First, Oscar Street, a retired school principal gave a prayer and had the gall to honor Jesus, gave Him thanks for all good things. If Whoopi, or Letterman, or Olberman, grasshoppers all, had been there, they would have screamed out loud, “How dare you use that name without mentioning Buddha and Osama.”
Next came the crème de’ la’ crème when a large basket of tickets was tumbled and one drawn out. The name on the ticket was announced and the winner got a fine hunting rifle as a prize. If the liberals had not croaked beforehand, they certainly would have at this arrogant display of approval of the Second Amendment to the Constitution. I would like to see them try this in a California school. There would have been mass panic! The liberal talking heads would have been on fire! Someone would have had to be hanged to get the grasshoppers to shut up!

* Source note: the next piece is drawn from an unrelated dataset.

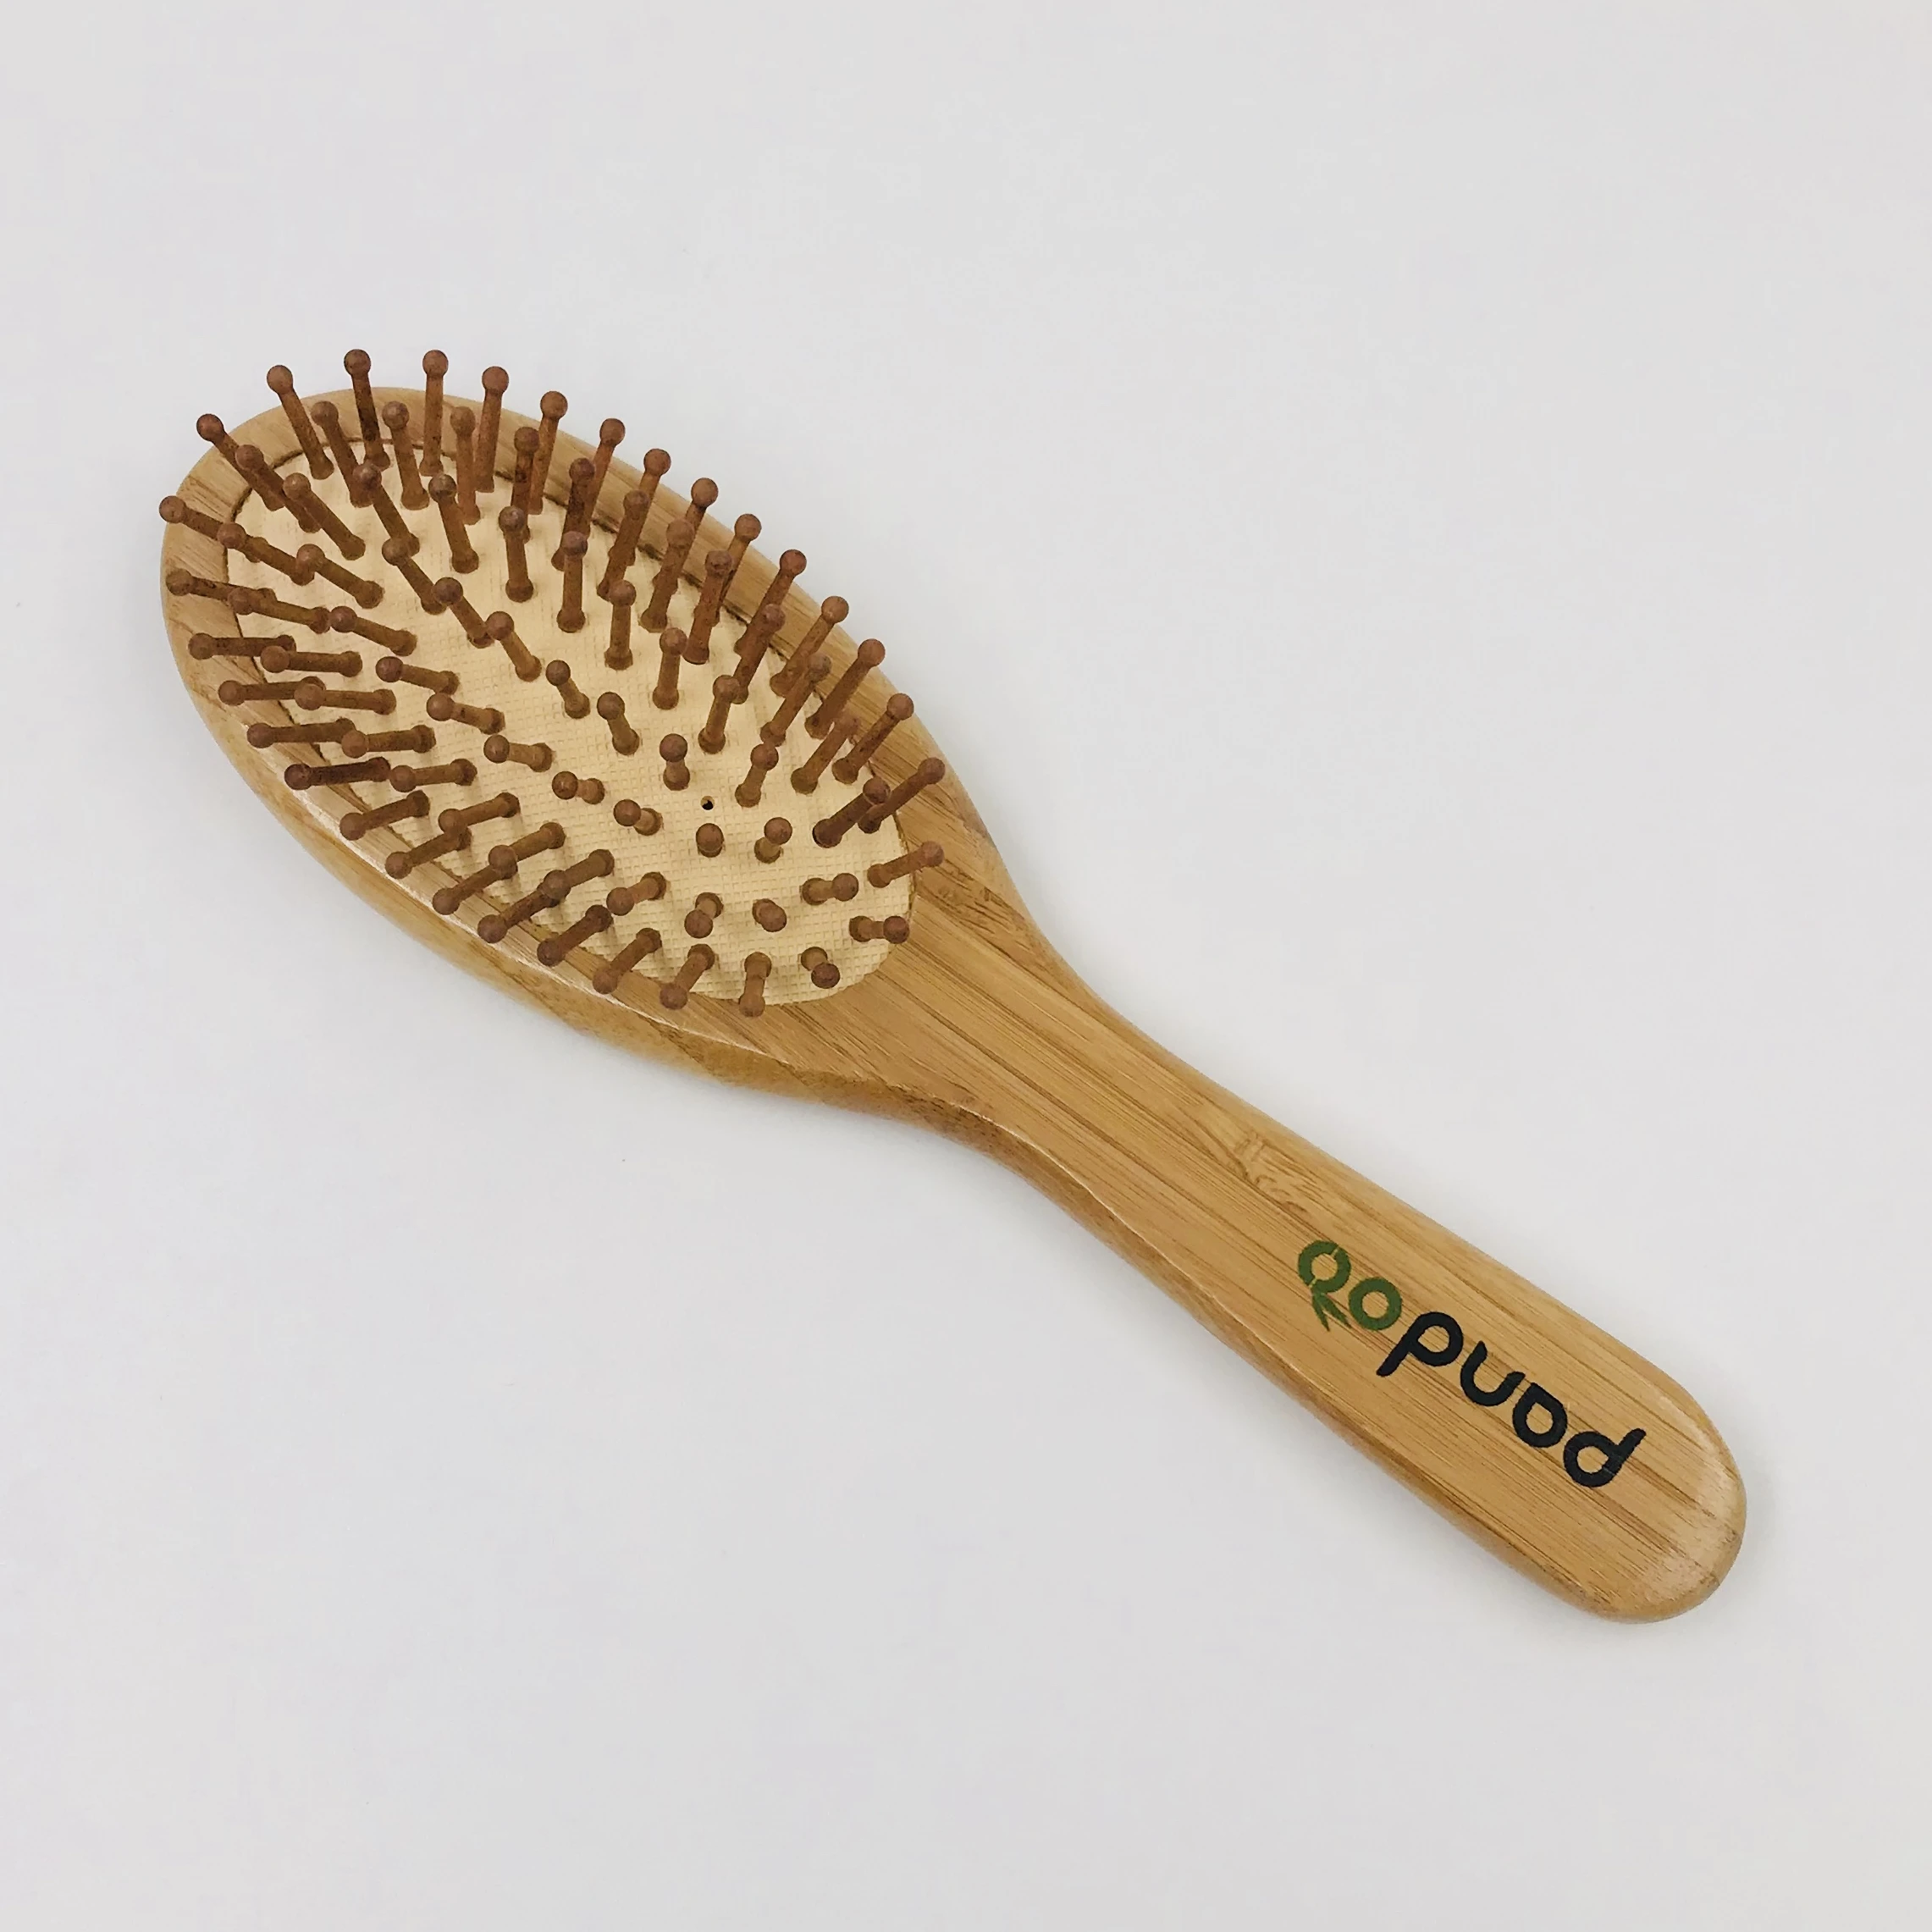 使い捨てホテルアメニティキット、竹の櫛と歯ブラシ、木製のヘアブラシとかみそり - Buy のアメニティ、木製かみそり、竹歯ブラシ Product on  Alibaba.com

After the meet was over, I looked up at Oscar and told him that I had a good mind to sue him and the whole bunch on behalf of grasshoppers nationwide. “How dare you offend all the liberals with such a crass and overwhelming display of everything that has made us the greatest nation that ever existed?” I said.
Knowing I was being facetious, he laughed out loud while hugging my wife, and with a look of complete confidence said, “Go ahead, Brother. Make my day!”
If to no one else, to thine own self be true. Are you a grasshopper or an ant?